[TASK GOAL]:
In the listing below, find the line containing "Conciertazo Ateo, jueves" and the line containing "Frau im Hochzeitskleid, während", then copy exactly everything from the first through the second, except the pictures.

....

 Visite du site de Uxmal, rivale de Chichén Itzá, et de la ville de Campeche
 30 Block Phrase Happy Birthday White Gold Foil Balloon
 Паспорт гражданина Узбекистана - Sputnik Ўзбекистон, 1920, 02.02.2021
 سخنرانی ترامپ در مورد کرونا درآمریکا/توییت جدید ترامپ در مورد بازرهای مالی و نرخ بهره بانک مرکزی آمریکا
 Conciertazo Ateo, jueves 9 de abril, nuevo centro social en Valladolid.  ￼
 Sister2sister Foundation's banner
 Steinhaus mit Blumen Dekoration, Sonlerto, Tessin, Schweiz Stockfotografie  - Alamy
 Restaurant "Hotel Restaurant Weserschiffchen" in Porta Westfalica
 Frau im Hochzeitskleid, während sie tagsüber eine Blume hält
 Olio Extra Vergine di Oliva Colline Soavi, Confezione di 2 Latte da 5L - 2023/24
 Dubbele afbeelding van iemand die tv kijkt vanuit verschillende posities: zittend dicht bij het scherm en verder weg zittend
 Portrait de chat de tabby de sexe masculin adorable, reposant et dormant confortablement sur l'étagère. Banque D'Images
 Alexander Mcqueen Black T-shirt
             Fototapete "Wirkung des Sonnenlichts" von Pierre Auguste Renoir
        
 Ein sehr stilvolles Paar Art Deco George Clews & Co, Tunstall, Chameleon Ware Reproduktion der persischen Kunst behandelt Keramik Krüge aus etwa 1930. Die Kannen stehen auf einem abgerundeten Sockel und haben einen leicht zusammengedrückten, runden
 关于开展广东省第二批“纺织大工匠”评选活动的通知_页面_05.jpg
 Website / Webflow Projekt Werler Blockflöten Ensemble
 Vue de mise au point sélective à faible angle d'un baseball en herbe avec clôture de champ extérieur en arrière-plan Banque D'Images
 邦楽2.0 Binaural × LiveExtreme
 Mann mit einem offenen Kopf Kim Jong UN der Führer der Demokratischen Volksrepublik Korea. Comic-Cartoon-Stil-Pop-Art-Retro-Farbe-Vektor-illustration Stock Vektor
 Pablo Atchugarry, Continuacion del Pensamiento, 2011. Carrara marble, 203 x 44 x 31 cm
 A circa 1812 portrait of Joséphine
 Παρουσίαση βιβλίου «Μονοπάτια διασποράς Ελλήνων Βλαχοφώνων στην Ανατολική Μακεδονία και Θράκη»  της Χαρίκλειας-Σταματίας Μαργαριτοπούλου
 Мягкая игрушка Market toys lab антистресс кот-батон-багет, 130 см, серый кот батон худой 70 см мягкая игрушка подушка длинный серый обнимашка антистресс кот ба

....

[EXERCISE ANSWER]:
 Conciertazo Ateo, jueves 9 de abril, nuevo centro social en Valladolid.  
 Sister2sister Foundation's banner
 Steinhaus mit Blumen Dekoration, Sonlerto, Tessin, Schweiz Stockfotografie  - Alamy
 Restaurant "Hotel Restaurant Weserschiffchen" in Porta Westfalica
 Frau im Hochzeitskleid, während sie tagsüber eine Blume hält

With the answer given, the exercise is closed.